Both the HIVNET 012 and HIVIGLOB/NVP studies had some limitations relevant to the above analyses. The HIVIGLOB/NVP did not have HIV-free survival to compare to the HIVNET 012 data. Secondly, the HIVNET 012 findings are based on historical data and there may be unknown biases and temporal trends that could have contributed to the differences in rates of serious gastroenteritis events noted in the two studies. Given the relatively low mortality events, the analyses were underpowered to assess statistical differences in mortality between the two studies. There were also significant differences in the length of breastfeeding between the trials with infants in the HIVIGLOB/NVP trial stopping on average at about 4 months of age. The shorter period of breast feeding placed the HIVIGLOB/NVP group at increased risk of severe gastroenteritis morbidity/mortality when compared to most infants in HIVNET 012 who generally breast fed till about 9 months of age. In balance, the HIVIGLOB/NVP infants also had access to more potent recent antibiotics, as well as more consistent cotrimoxazole prophylaxis which would have reduced their risk of severe gastroenteritis compared to the earlier HIVNET 012 study infants. This would tend to mitigate any differences in severe gastroenteritis between the groups (i.e. bias the magnitude of effect towards the null). However, in spite of this bias towards the null, the results demonstrated a significantly higher rate of serious gastroenteritis for the HIVIGLOB/NVP group compared to the HIVNET 012 group which we attribute in large part to the early breastfeeding cessation.
Inherent strengths of the analyses include that the data on adverse events were consistently and carefully captured by site clinicians using the same standardized DAIDS/NIH Toxicity Tables; and that there was excellent follow up of participants in both trials so that late infant outcomes were well documented. The results are likewise consistent with findings from other recent trials in Malawi and Kenya; as well as reflecting the negative effects of early breastfeeding cessation reported in the general child survival literature.

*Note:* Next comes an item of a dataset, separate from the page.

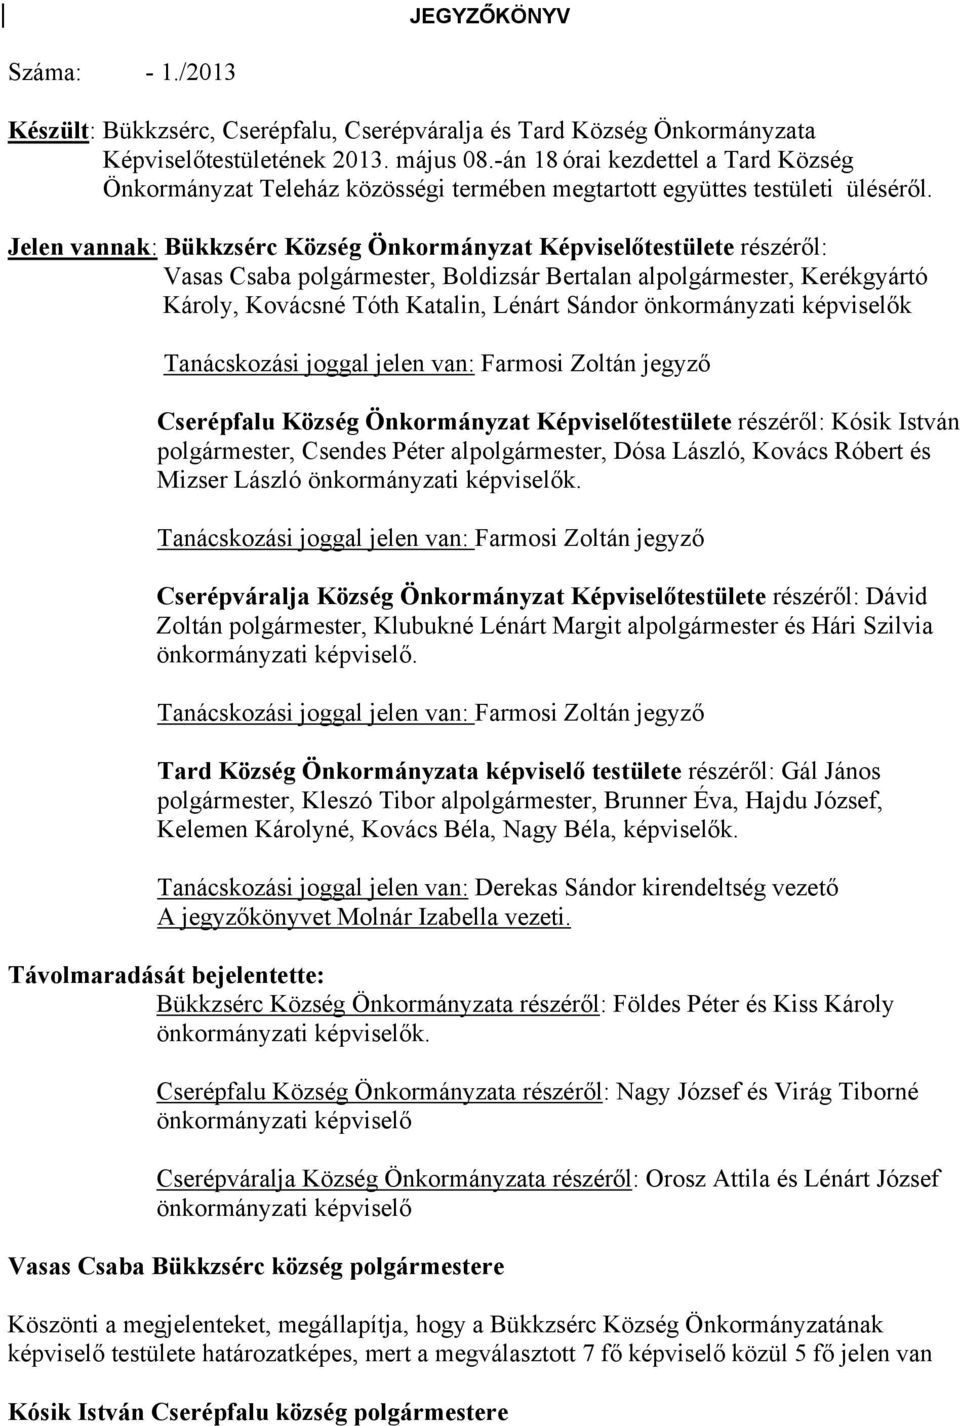 JEGYZŐKÖNYV. Tanácskozási joggal jelen van: Farmosi Zoltán jegyző - PDF  Ingyenes letöltés

These data from the HIVIGLOB/NVP trial in Uganda as well as the PEPI Malawi trial and the Kisumu, Kenya trials raise concerns that early breastfeeding cessation among HIV-infected women in resource-limited settings may lead to increased rates of serious gastroenteritis adverse events among infants and to increased overall infant mortality when compared to more prolonged breastfeeding of HIV exposed infants [30
]. In October 2006 WHO refined its HIV and infant feeding guidance and in February 2007, released revised guidelines to help policy makers and programme managers clarify earlier recommendations [45
]. The findings from HIVIGLOB/NVP as well as the studies in Malawi (PEPI), Kenya (KIBS) and Zambia (ZEBS) led to revised recommendations for most HIV-infected women to exclusively breastfeed for the first six months and then to continue breastfeeding through the first year of life with introduction of complementary foods in situations where safe nutritional alternatives are not readily accessible [30
]. Further data are needed on HIV-free survival outcomes at 18-24 months in relation to infant feeding choices; with careful assessment of competing causes of infant mortality associated with early breastfeeding cessation.

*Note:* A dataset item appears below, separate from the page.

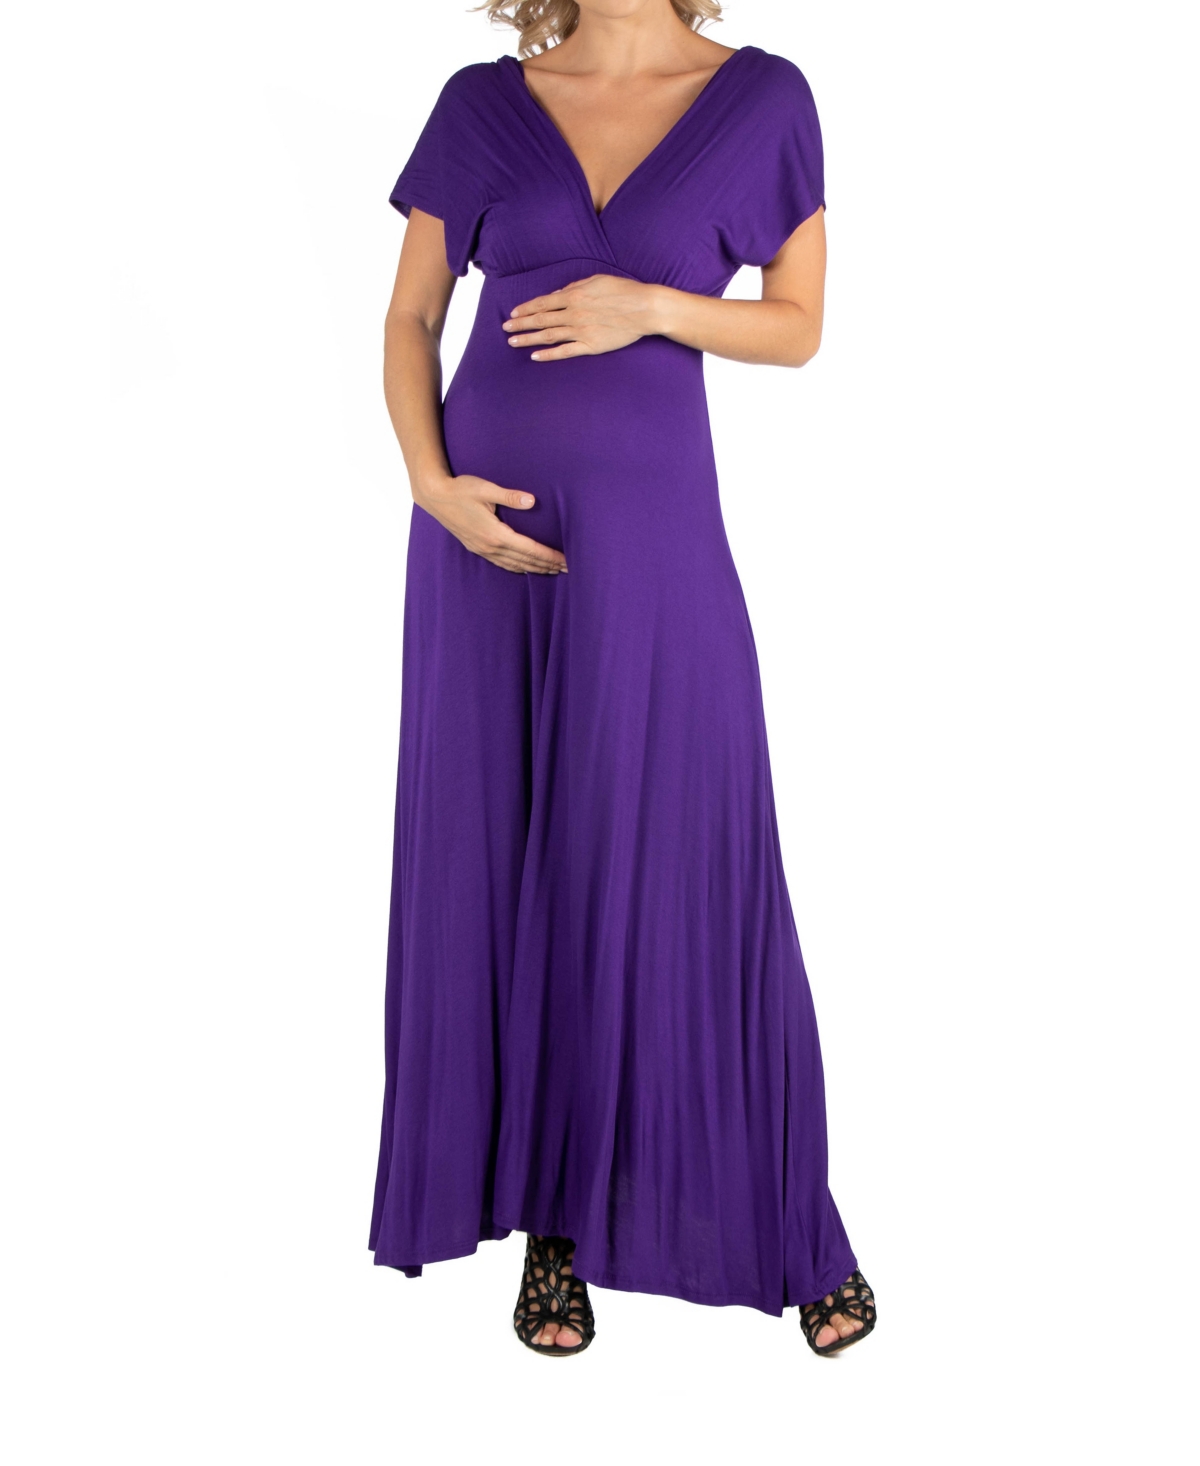 Cap Sleeve V Neck Maternity Maxi Dress - Wine

The ultimate goal of infant feeding strategies for HIV-infected women should be to develop interventions which allow longer, safer breastfeeding in order to provide optimal infant nutrition and to reduce the risk of severe infant gastroenteritis and mortality; while at the same time decreasing the risk of post-natal HIV transmission in order to maximize the lifesaving protective benefits of breast milk.